**Listed records:**
■ ■ ■ ■ ■ ■ ■
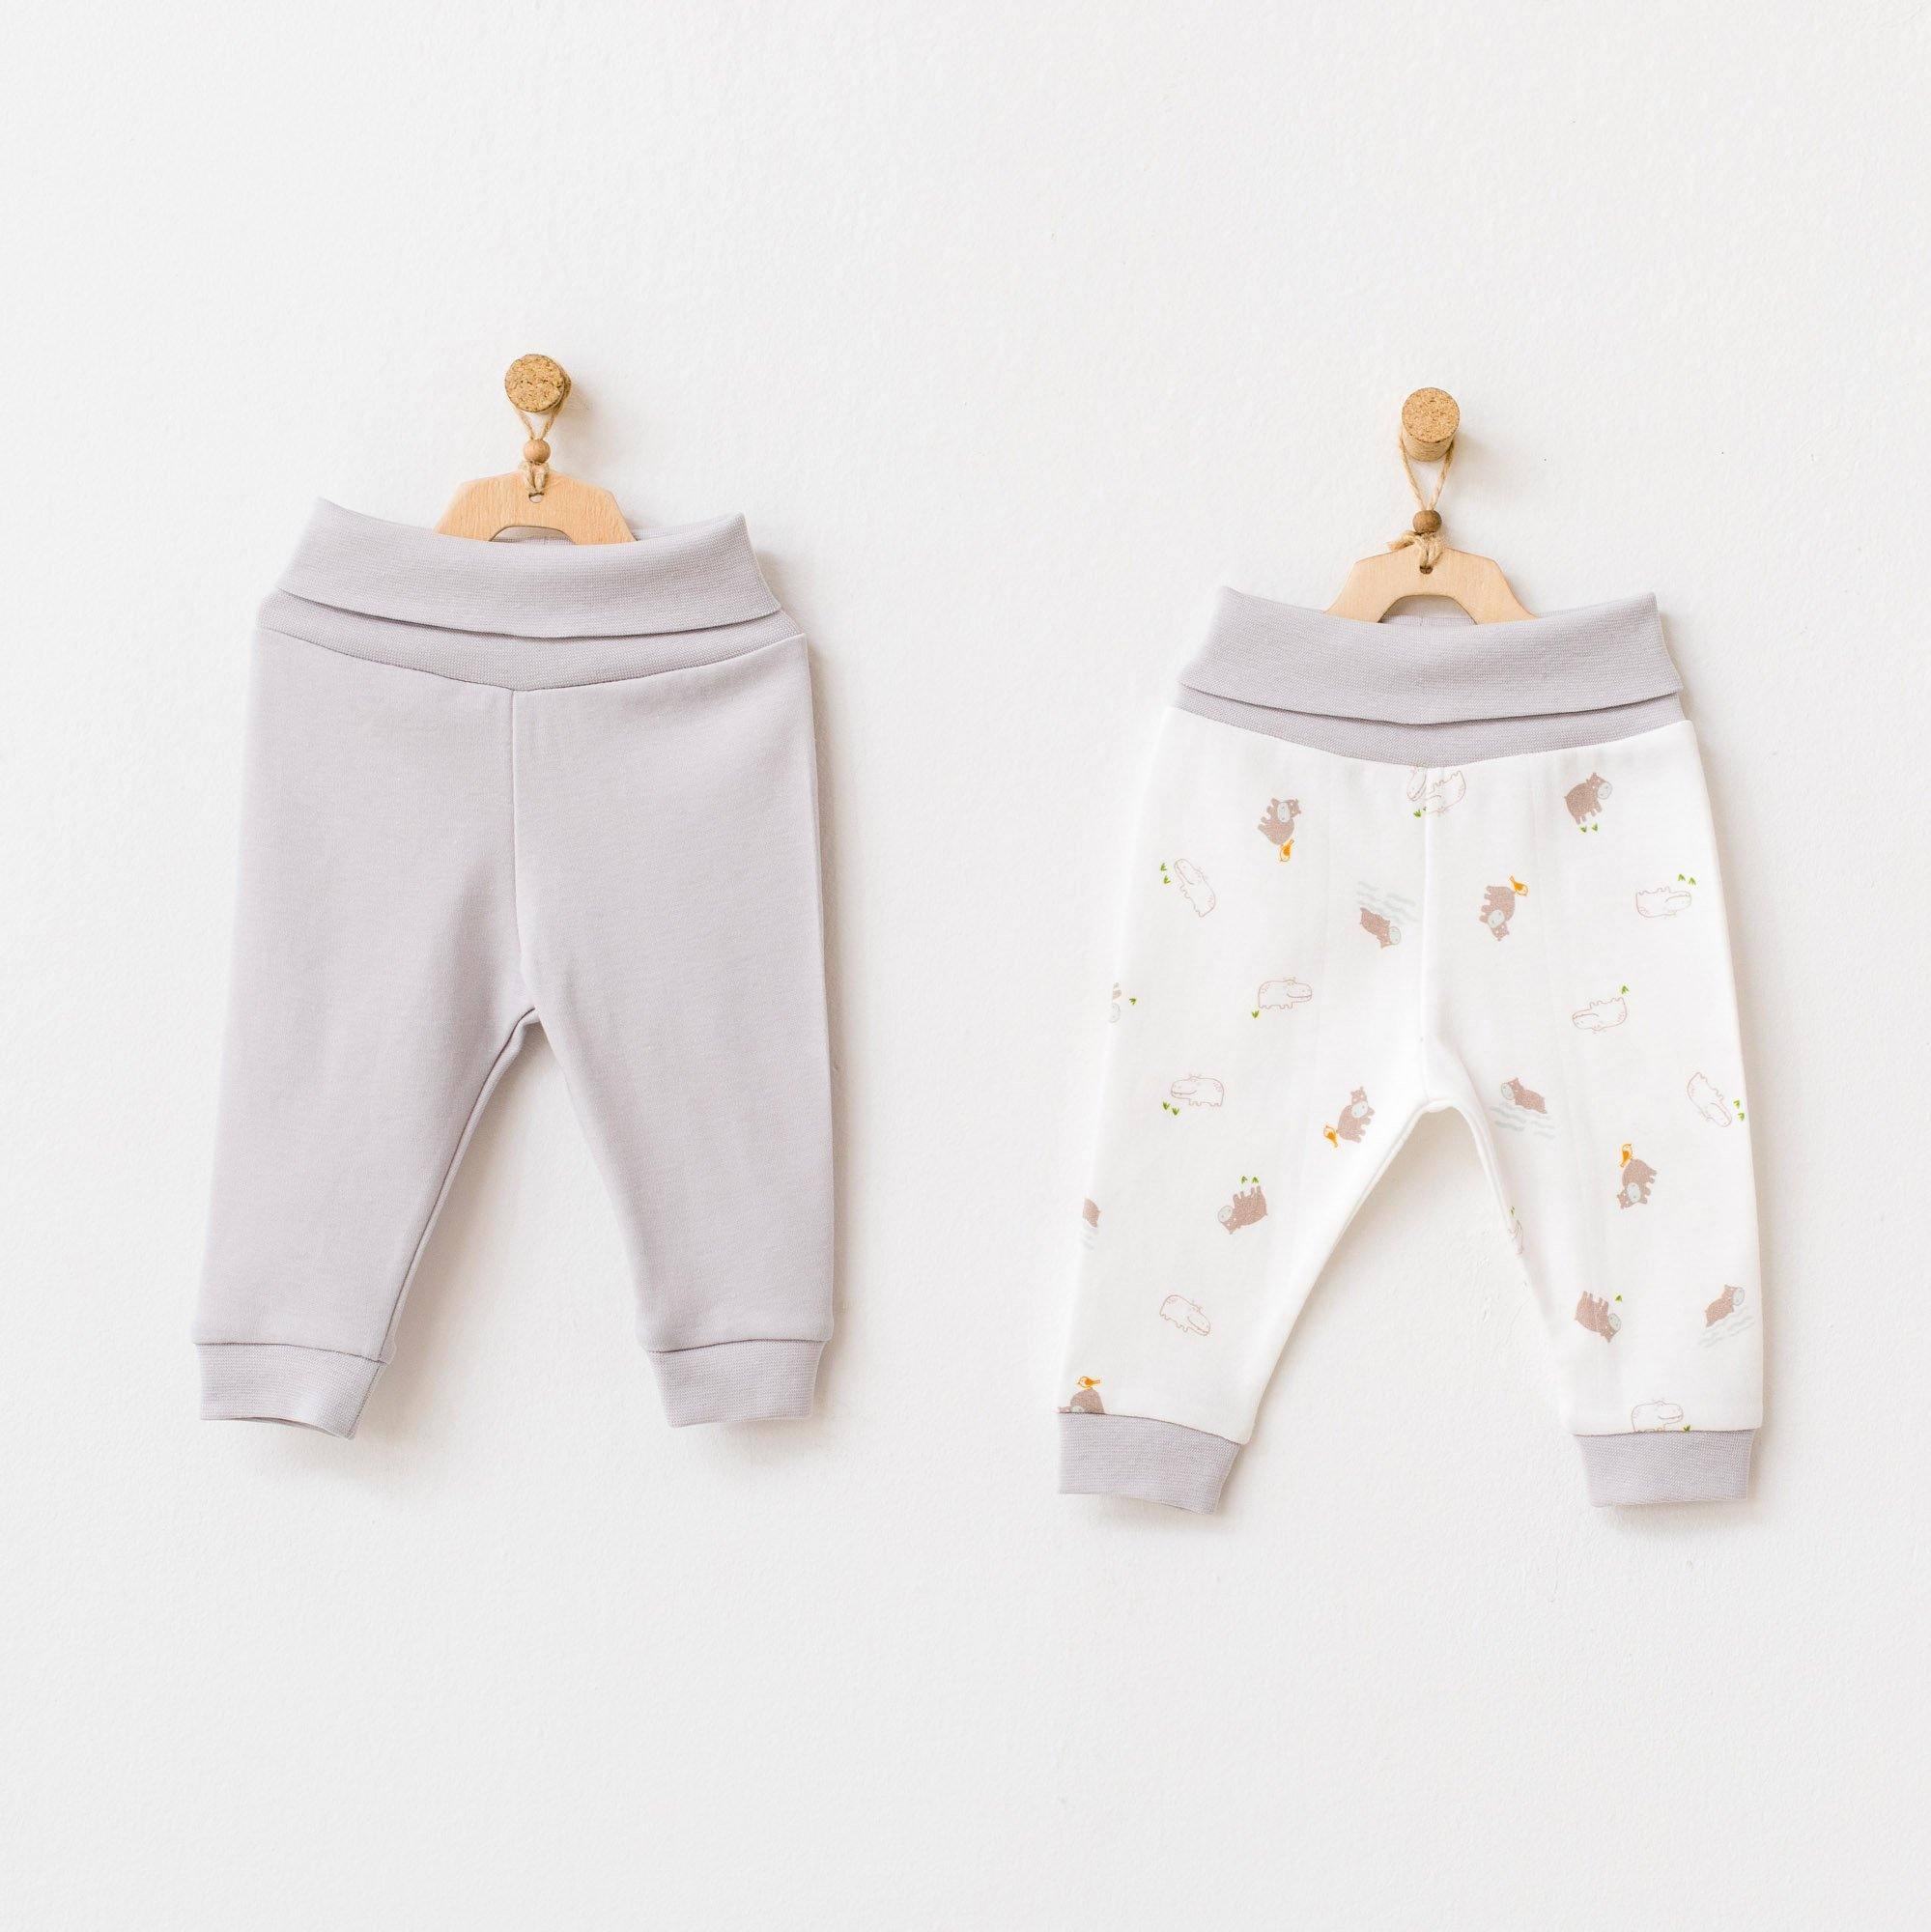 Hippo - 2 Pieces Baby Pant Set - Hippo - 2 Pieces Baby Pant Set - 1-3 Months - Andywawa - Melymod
■ ■ ■ ■ ■ ■ ■
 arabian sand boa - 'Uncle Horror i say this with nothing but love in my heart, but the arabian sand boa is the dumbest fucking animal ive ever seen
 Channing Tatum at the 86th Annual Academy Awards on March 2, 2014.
■ ■ ■ ■ ■ ■ ■
**Task directions:** Copy verbatim, from the listing above, each line from the one containing "arabian sand boa - 'Uncle" down to the one containing "Channing Tatum at", inclusive.

**Response to the task:**
 arabian sand boa - 'Uncle Horror i say this with nothing but love in my heart, but the arabian sand boa is the dumbest fucking animal ive ever seen
 Channing Tatum at the 86th Annual Academy Awards on March 2, 2014.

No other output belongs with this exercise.